Almond smiled. It was broken and beautiful—like a cracked mirror reflecting stars. "But we are monsters here, and still, I would choose you every time. Even if it means bleeding through centuries for one night in your arms."

Their hands found each other again. Not because they had healed. But because they had survived.

The sky cracked open—literally. A rift above, silver-edged and pulsing like a heartbeat. Time didn't bend for love. But something else had. Reality. The Veil. Destiny, maybe. All warped because two broken immortals dared to hold each other too tight.

Aeren looked up. "Do you feel that?"

"Yes," Almond whispered. Her eyes glowed, not with magic, but with memory. "It's beginning."

"What is?"

"The unraveling."

Around them, the world began to peel at the edges—memories blending with the present, people long dead whispering in the trees.
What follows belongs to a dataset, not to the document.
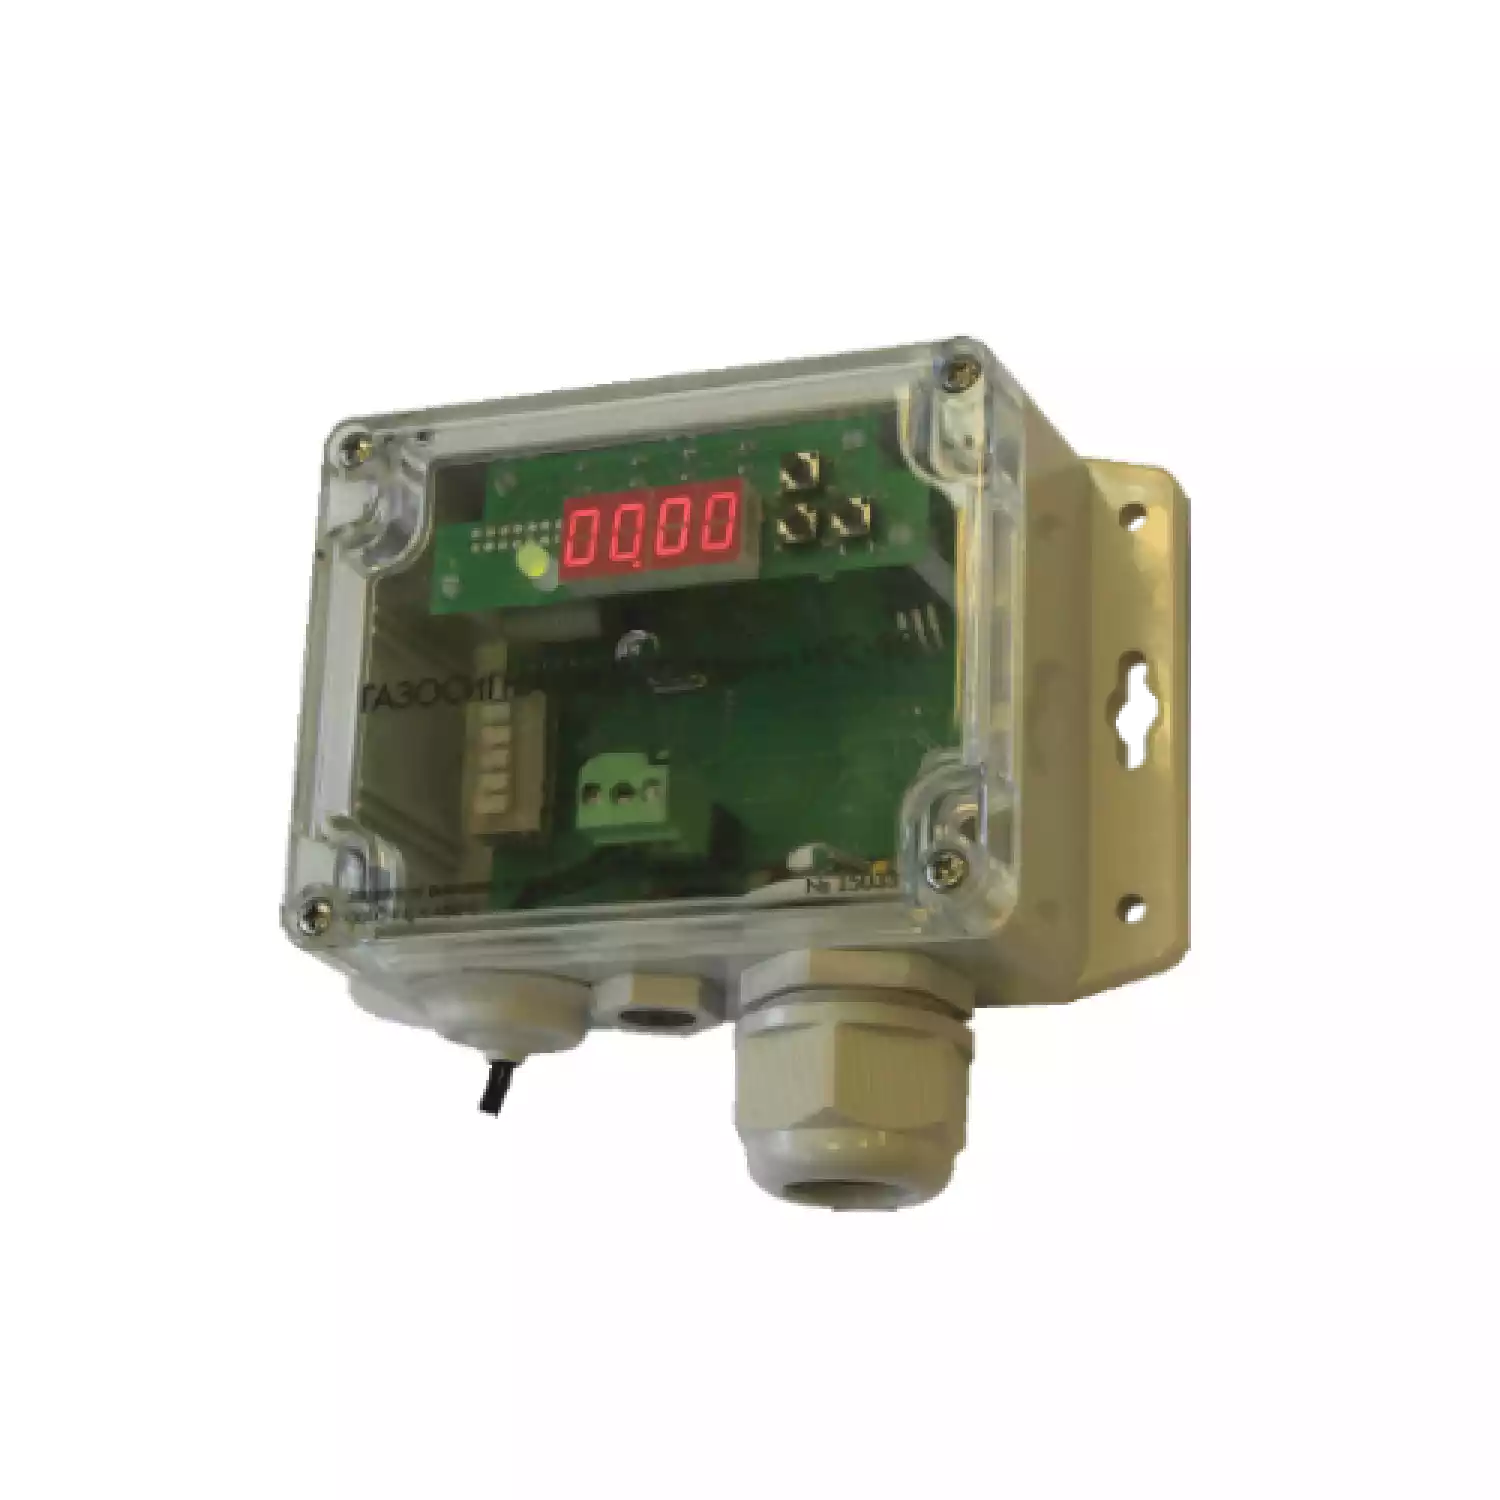 Хмель-СВ серии ИГС-98 газосигнализатор стационарный на хлор Cl2 исполнение 011 - 1
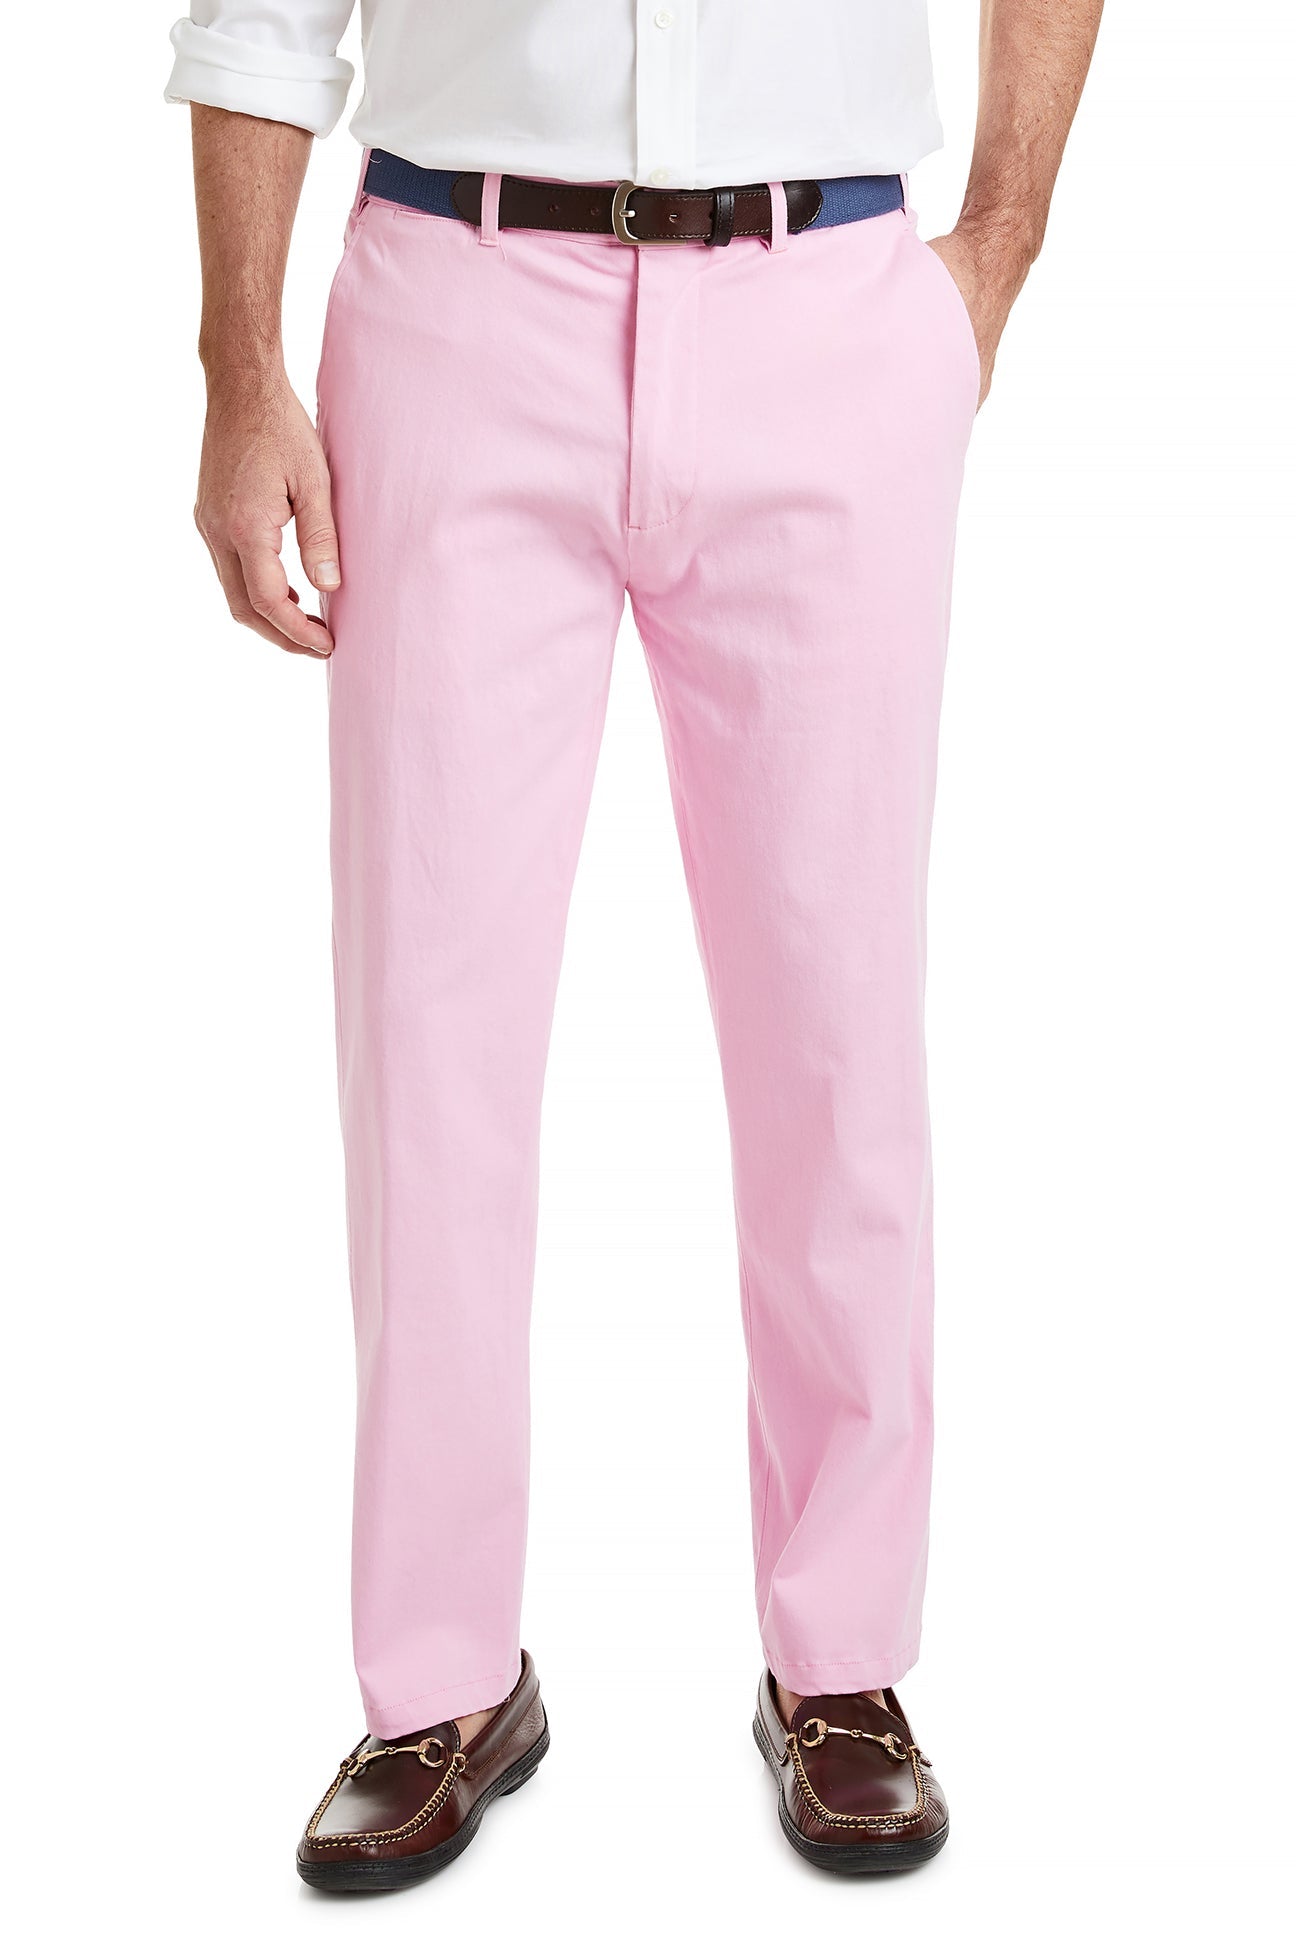 Buy Van Heusen Pink Trousers Online  688321  Van Heusen

The curse had always been cyclical, but now… it was collapsing. All of it. Because love had become a rebellion. And rebellion was contagious.

And as they stood in the middle of history breaking open, Almond touched his jaw gently and murmured like a lullaby, "If we survive this… I'll take you to the place where even gods fear to dream."

They kissed in the center of the collapse—like sinners claiming salvation with tongue and teeth. It wasn't gentle. It wasn't pure. It was war. A kiss that tasted of ash and ancient oaths. Almond clutched him like a girl who knew this was her last dance with the devil and didn't care if she got burned.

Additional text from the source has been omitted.